REQUIRED ACTION: Could you set down the listing below exactly and omit its images?

DATASET CONTENT:
== == ==

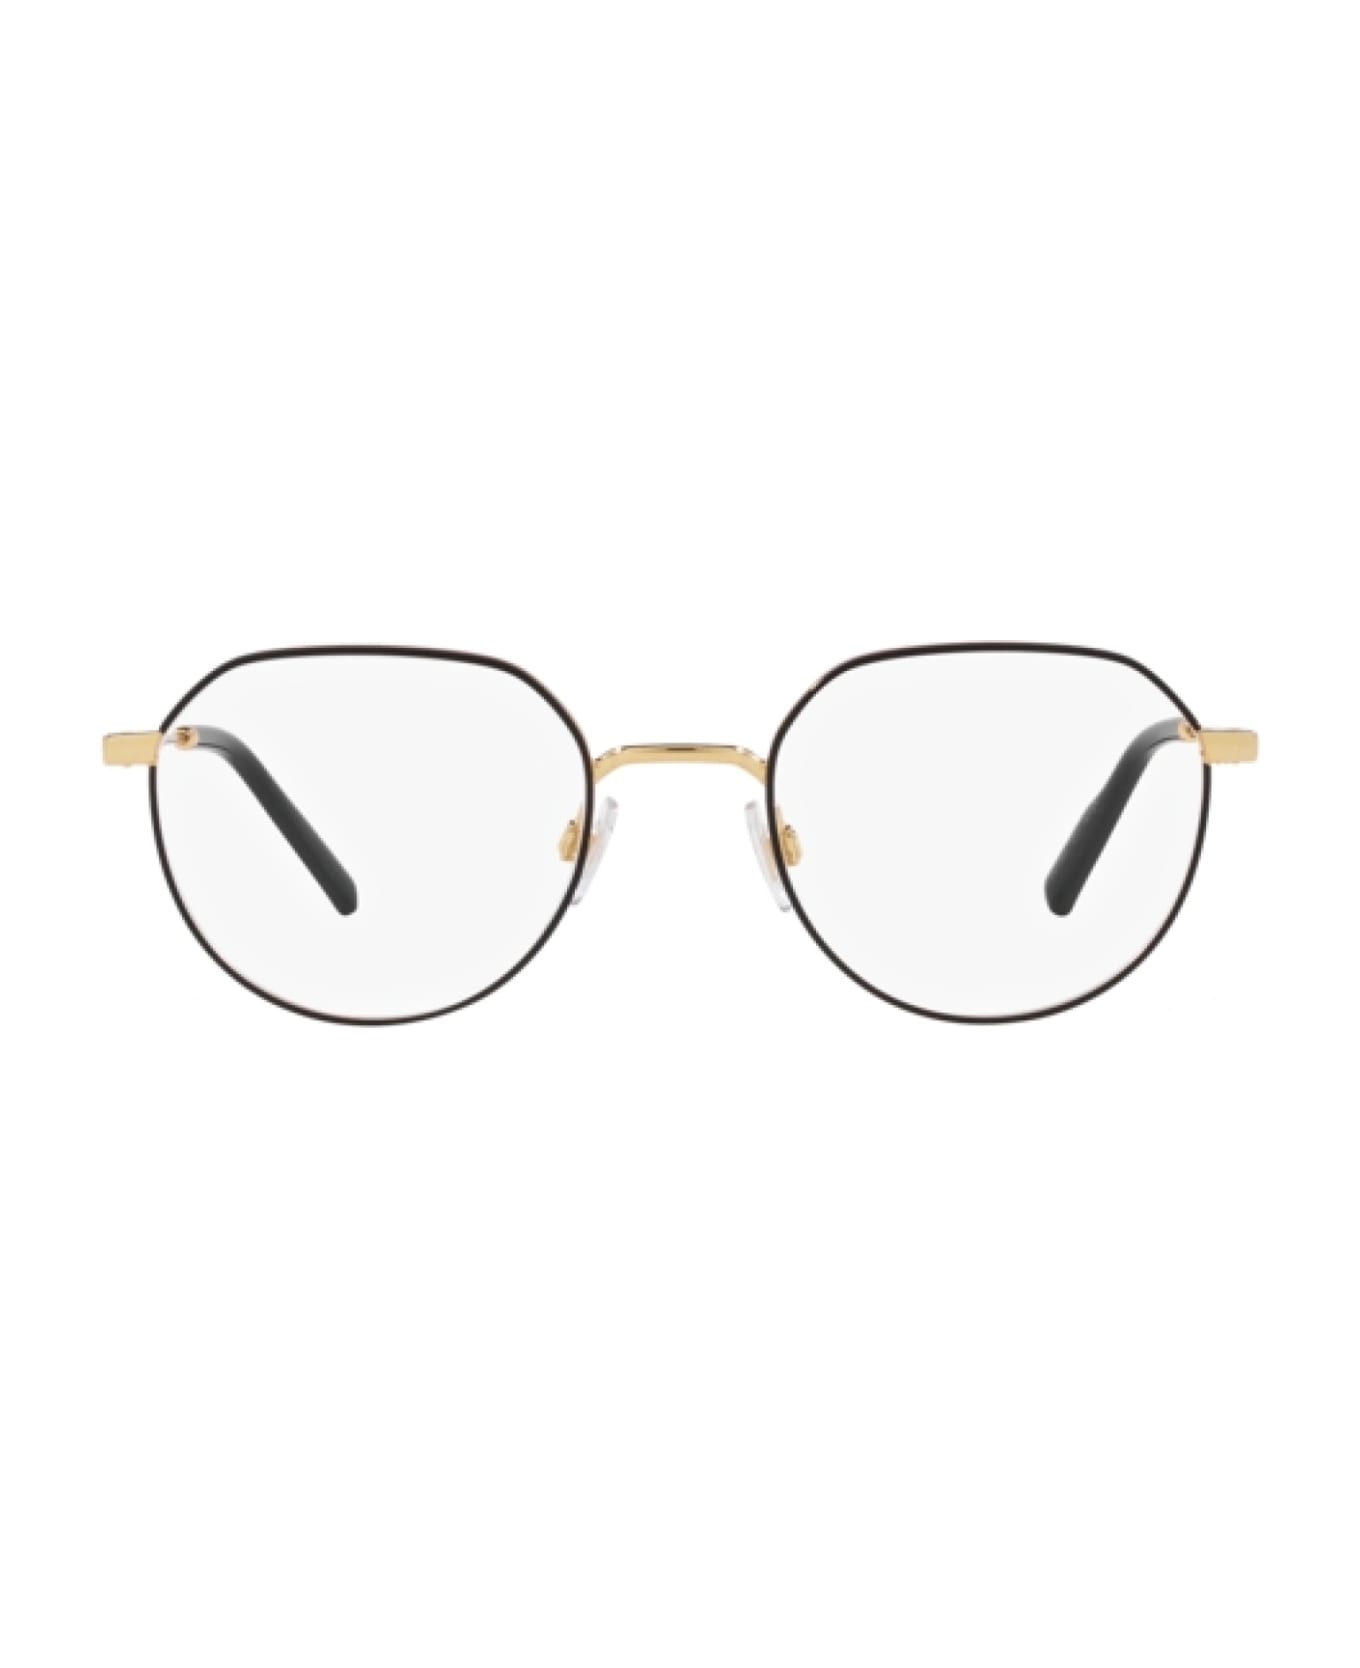 Dolce & Gabbana Eyewear DG1349 1311 Glasses - Oro e nero
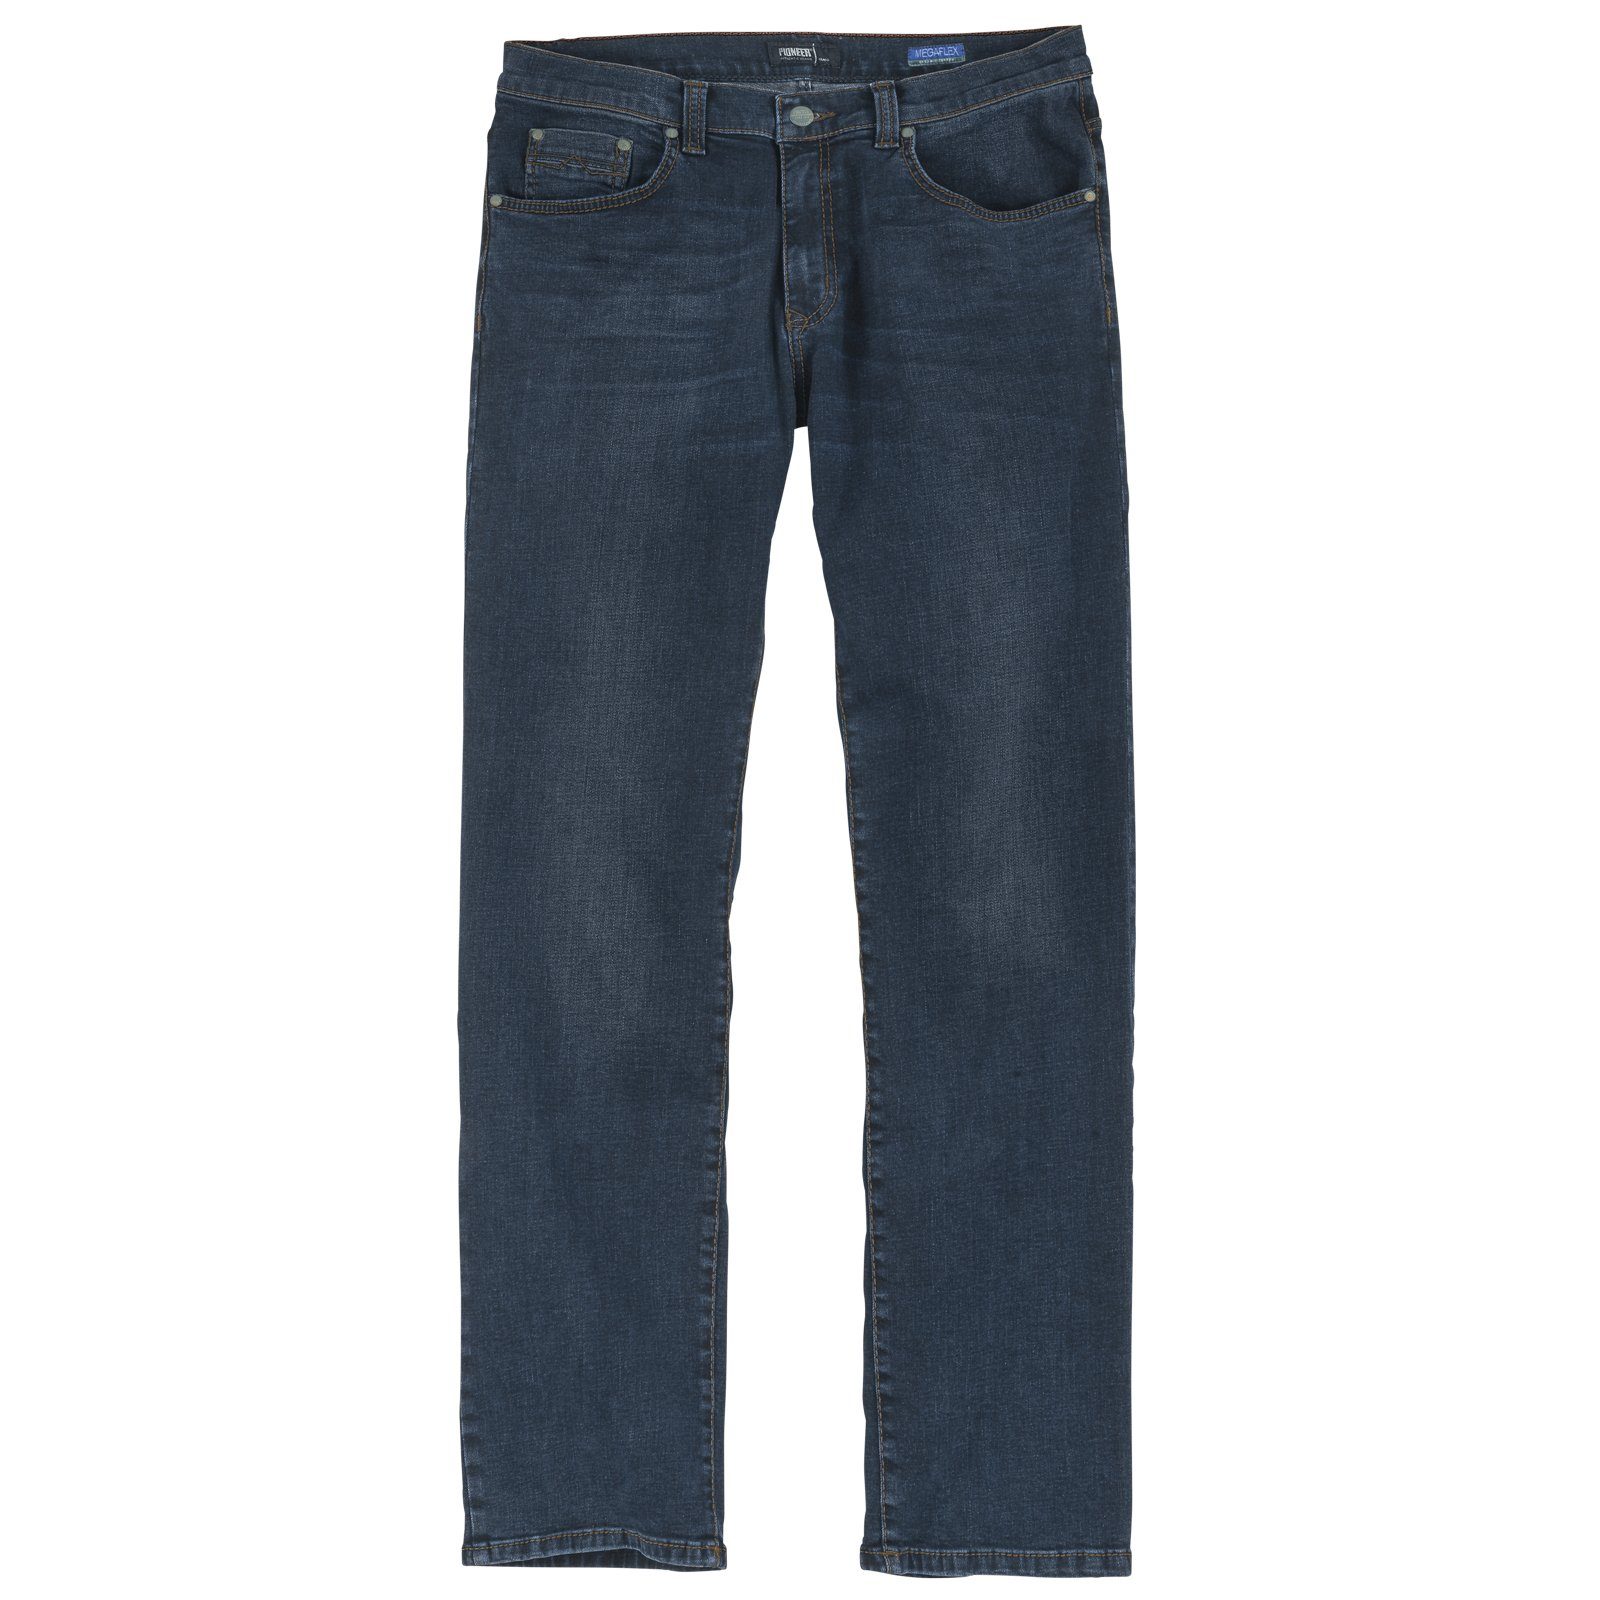 Große Pionier Jeans blue/black mustache Stretch-Jeans Rando used Pioneer Bequeme Größen
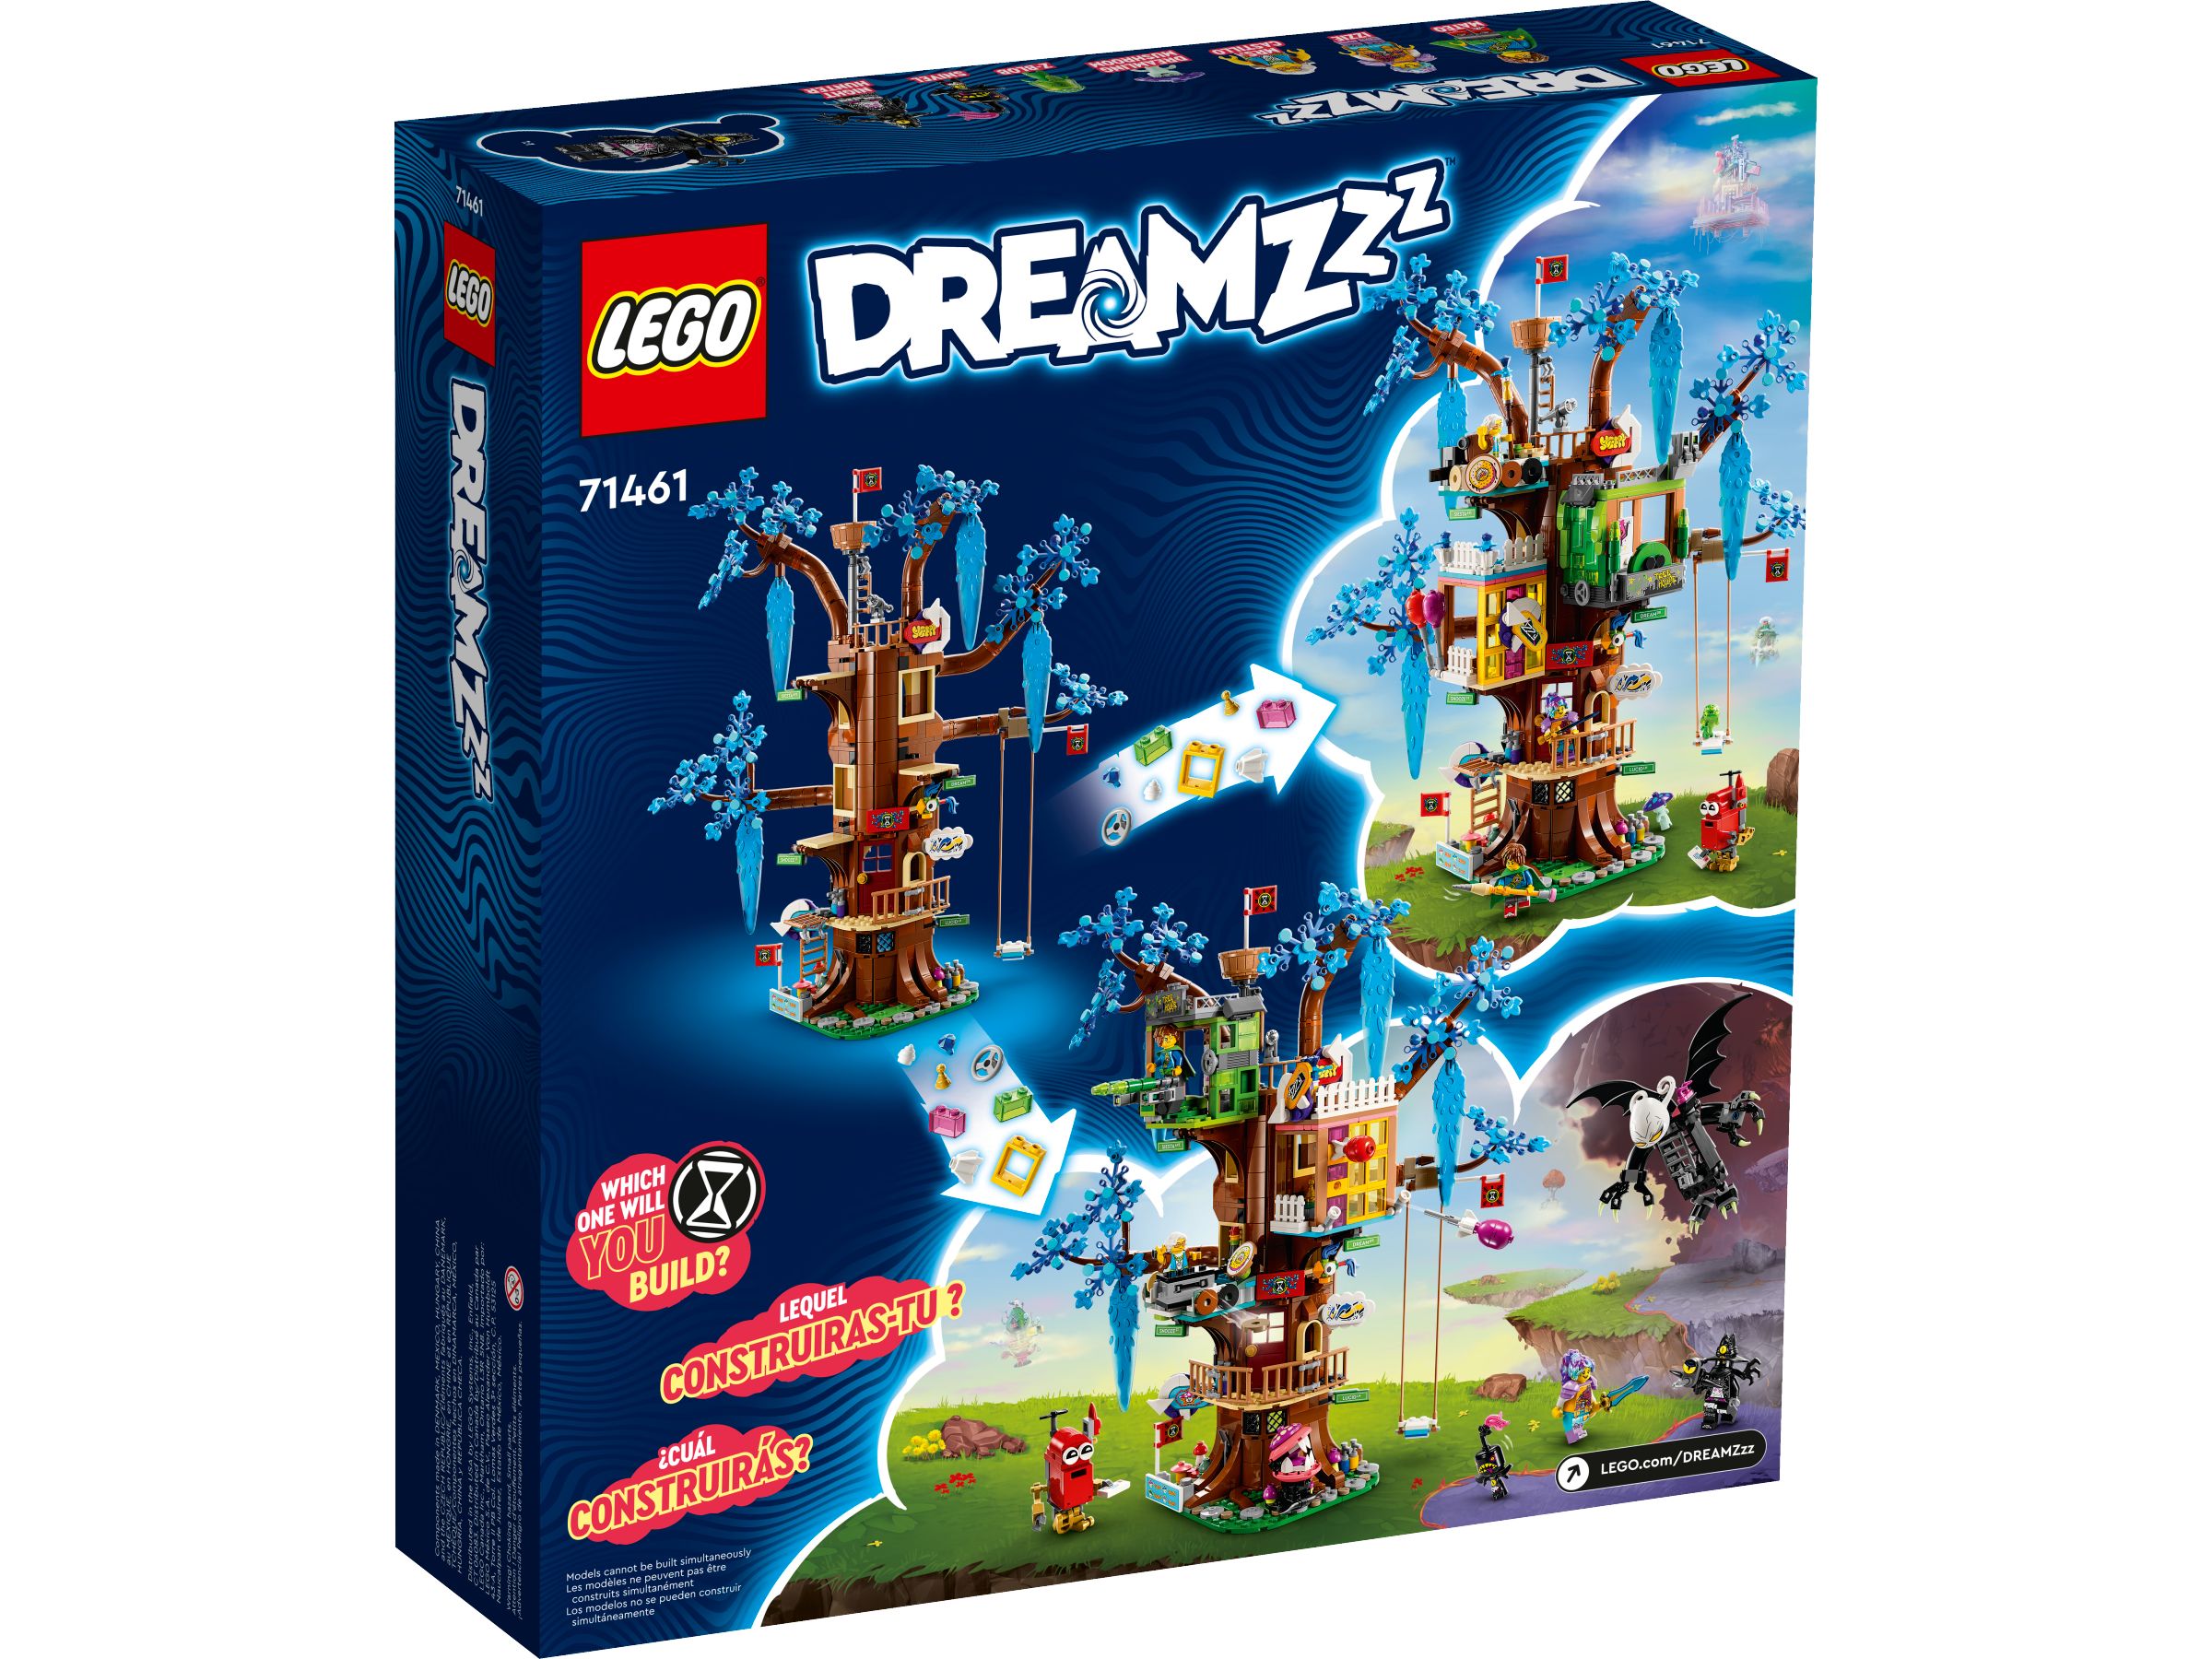 LEGO Dreamzzz 71461 Fantastisches Baumhaus LEGO_71461_Box5_v39.jpg
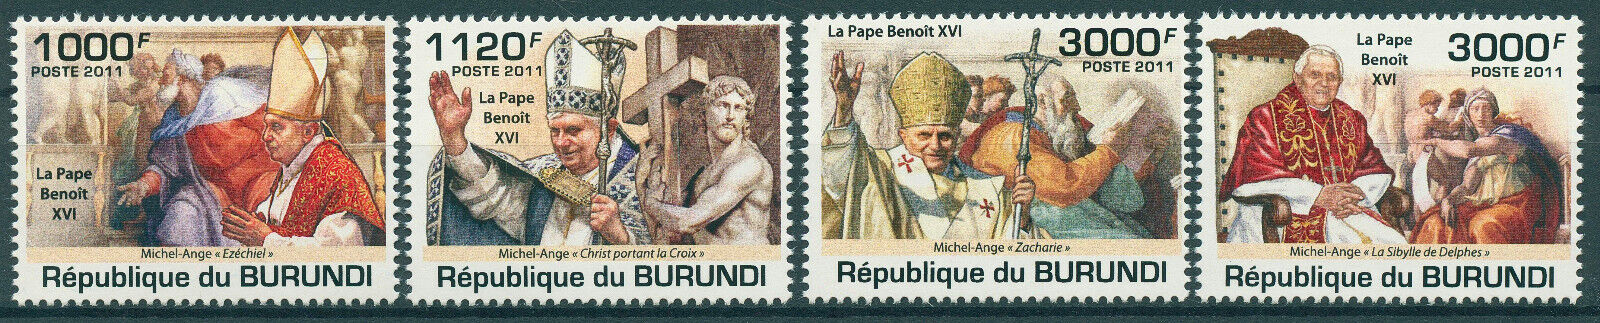 Burundi 2011 MNH Pope Benedict XVI Stamps Michelangelo Art Religion 4v Set

== == ==

ANSWER SPACE:
 Dolce & Gabbana Eyewear DG1349 1311 Glasses - Oro e nero
 Große Pionier Jeans blue/black mustache Stretch-Jeans Rando used Pioneer Bequeme Größen
 LEGO Dreamzzz 71461 Fantastisches Baumhaus LEGO_71461_Box5_v39.jpg
 Burundi 2011 MNH Pope Benedict XVI Stamps Michelangelo Art Religion 4v Set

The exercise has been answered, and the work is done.